"It is not the spoon that bends, it is only yourself."
I noodle on this quote a lot, trying to sort out all the ways it has meaning. The movie itself ponders the Descartes supposition: "Cogito, ergo sum," or, "I think, therefore I am." Neo contradicts this truth; he thinks he is, but he is not. His entire existence, or what he believes to be his existence, is merely a dream in the Matrix. But the "spoon" line is more Buddhist than rational, with its overtones of relativism, with the suggestion that the spoon exists only in relation to the mind that perceives it.
This reminds me of another portion of the movie, where Morpheus and Neo discuss fate and innately sensing something wrong with the picture, the veneer, of normalcy.
Morpheus:
You have the look of a man who accepts what he sees because he is expecting to wake up. Ironically, this is not far from the truth. Do you believe in fate, Neo?
Neo:
No.
Morpheus:
Why not?
Neo:
Because I don't like the idea that I'm not in control of my life.
Morpheus:
I know exactly what you mean.
Let me tell you why you're here.
You're here because you know something.
What you know you can't explain, but you feel it; you've felt it your entire life.

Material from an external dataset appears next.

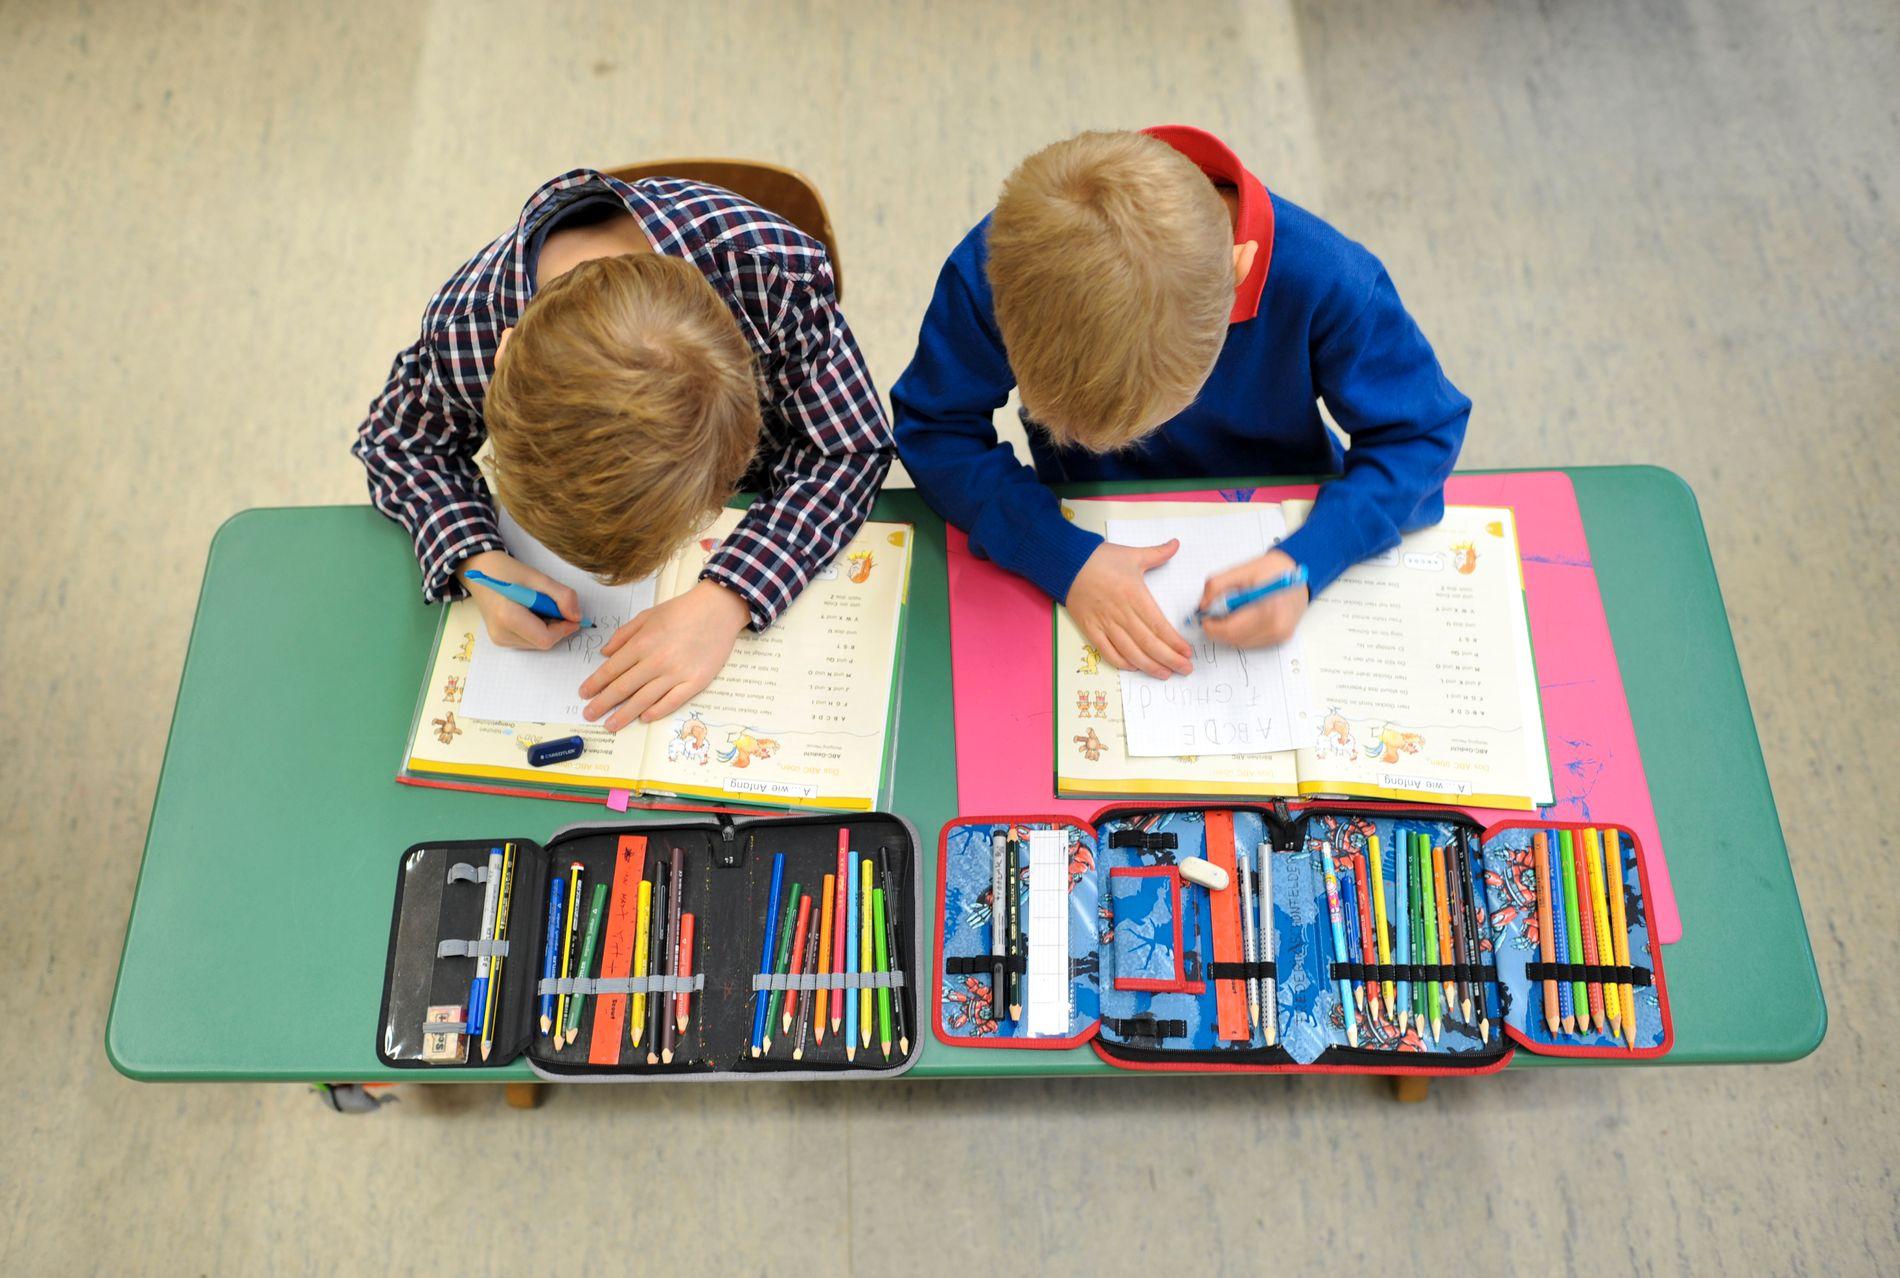 FÆRRE ELEVER: Skal skolen kunne utvikle hver eneste elev til den beste utgaven av seg selv, må det ikke være for mange elever å følge opp for den enkelte lærer, skriver innsender.

That there's something wrong with the world.
You don't know what it is, but it's there....like a splinter in your mind...driving you mad.
It is this feeling that has brought you to me. Do you know what I'm talking about?
Grandma Moses said, "Life is what we make it. Always has been. Always will be." I think she had the Matrix figued out long before the Wachowski brothers did.